Les techniques modernes d’endoctrinement, de manipulation des masses et d’orientation de l’opinion publique furent élaborées durant la Première Guerre mondiale aux Etats-Unis pour convaincre la population américaine du bien fondé de l’intervention militaire étasunienne, alors qu’elle était réfractaire à toute entrée de leur pays dans le conflit euro-asiatique. Pour ce faire, la Maison-Blanche créa le 13 avril 1917 la Commission on Public Information (CPI) aussi appelée Commission Creel. Le principal cerveau des techniques de propagandes modernes, et qui appartenait à cette commission, est Edward Bernays1 (1891-1995) qui combina les travaux de Gustave Le Bon sur la psychologie des foules à ceux de son oncle qui n’est autre que Sigmund Freud.Cette commission, composée de journalistes, d’intellectuels et de publicistes, fut un laboratoire de la propagande moderne utilisant tous les moyens de diffusions : radio, presse écrite, brochures, films, posters, caricatures, journaux illustrés, de nombreux tracts, images et documents sonores. La commission Creel inventa notamment le four minute men : des dizaines de milliers de volontaires, souvent des personnalités à la notoriété confirmée, prenaient la parole publiquement en faveur de l’action gouvernementale et en suscitant la haine de l’ennemi ; méthodes bien rodées depuis lors et mises à contribution pour appuyer les innombrables guerres hégémoniques de l’Oncle Sam. Ces techniques élaborées durant la Première Guerre mondiale ont ouvert la voie aux bandes dessinées américaines créées dès le début de la Seconde. En effet, c’est en octobre 1939 (la guerre a débutée en septembre) que sera fondé Marvel Comics par Martin Goodman. En décembre 1940, les trois principaux propriétaires de Marvel, Joe Simon, Jack Kirby et Martin Goodman, tous les trois juifs, créent, en réponse au nazisme, le personnage de Captain America, un super-héro patriote représentant de l’Amérique libre et combattant la tyrannie et en l’occurrence l’Allemagne nazie. Moins d’un an après l’arrivée de Captain America dans les Marvel Comics, les Etats-Unis commencent à frapper des navires (le 11 septembre 1941) de l’Axe Rome-Berlin-Tokyo, avant que le Japon ne répondent par l’attaque de Pearl Harbor (le 7 décembre 1941), donnant ainsi le prétexte attendu et provoqué par les Etats-Unis, pour entrer en guerre.

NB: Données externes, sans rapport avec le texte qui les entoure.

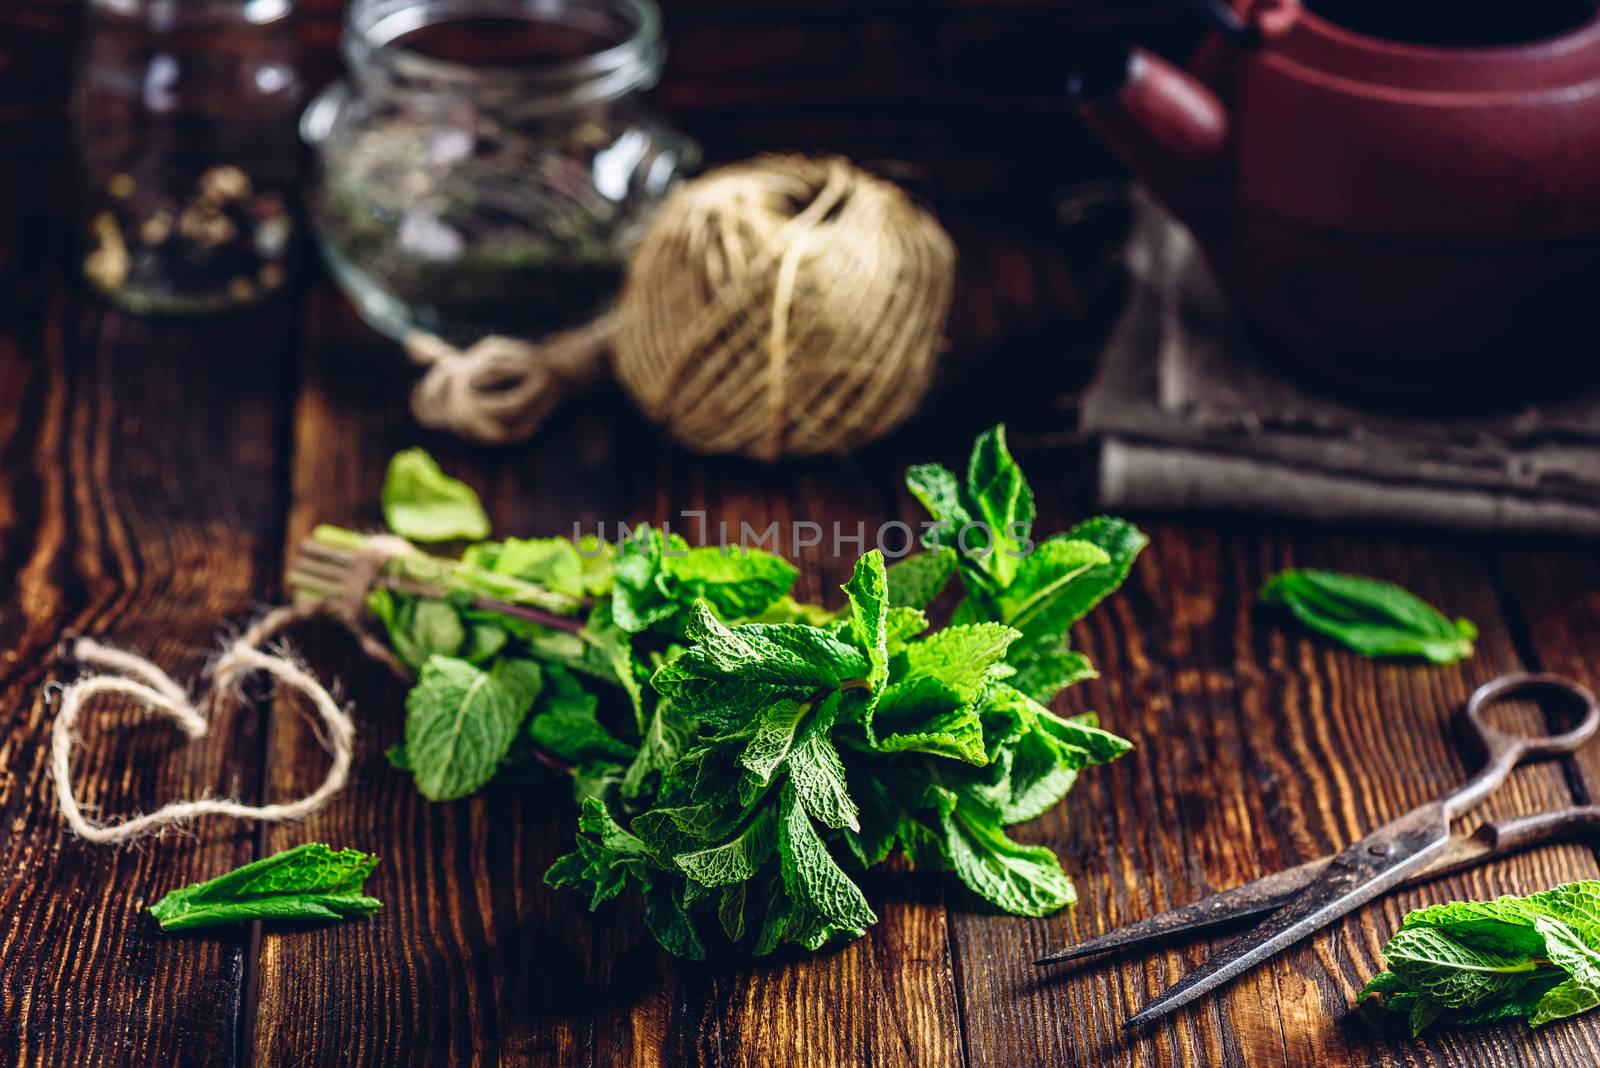 Bunch of Fresh Mint with Rusty Scissors. Tangle with Two Jars and Teapot on Backdrop.

Les Avengers, ou l’héroïsation de terroristes israélites

Après le succès commercial – boosté par la Seconde Guerre mondiale – des numéros de Marvel opposant Captain America aux nazis, les ventes connaissent une chute vertigineuse. Dans les années 1950, les histoires de Captain America affrontant les communistes ne prennent pas. En 1963, un des principaux scénaristes de Marvel, Stan Lee (fils d’immigrés juifs roumains), créé les Avengers(vengeurs en français), un groupe de super-héros auquel est intégré Captain America. Or, ces fameux Avengers sont de toute évidence inspirés du commando de Nakmim… En 1945, le premier président de l’Etat hébreu, Chaïm Weizman (1874-1952), ancien chimiste et dirigeant de l’Organisation sioniste mondiale, fournit en 1945 au commando de Nakmim (pluriel de Nakam qui signifie vengeur), les « vengeurs », appelés en anglais The Avengers, appartenant au mouvement Berihah (dirigé par le juif sioniste Abba Kovner), les formules chimiques destinées à empoisonner les réservoirs d’eau des villes de Munich, Nuremberg et Hambourg. Abba Kovner fut arrêté à son retour d’Israël où il s’était fourni le poison, et son commando de tueurs de masse a été empêché par la suite de mettre son plan à exécution ; ils ont toutefois, en 1946, réussit à empoisonner le pain destiné aux prisonniers de Langwasser. Abba Kovner est aujourd’hui célébré en Israël comme un héro.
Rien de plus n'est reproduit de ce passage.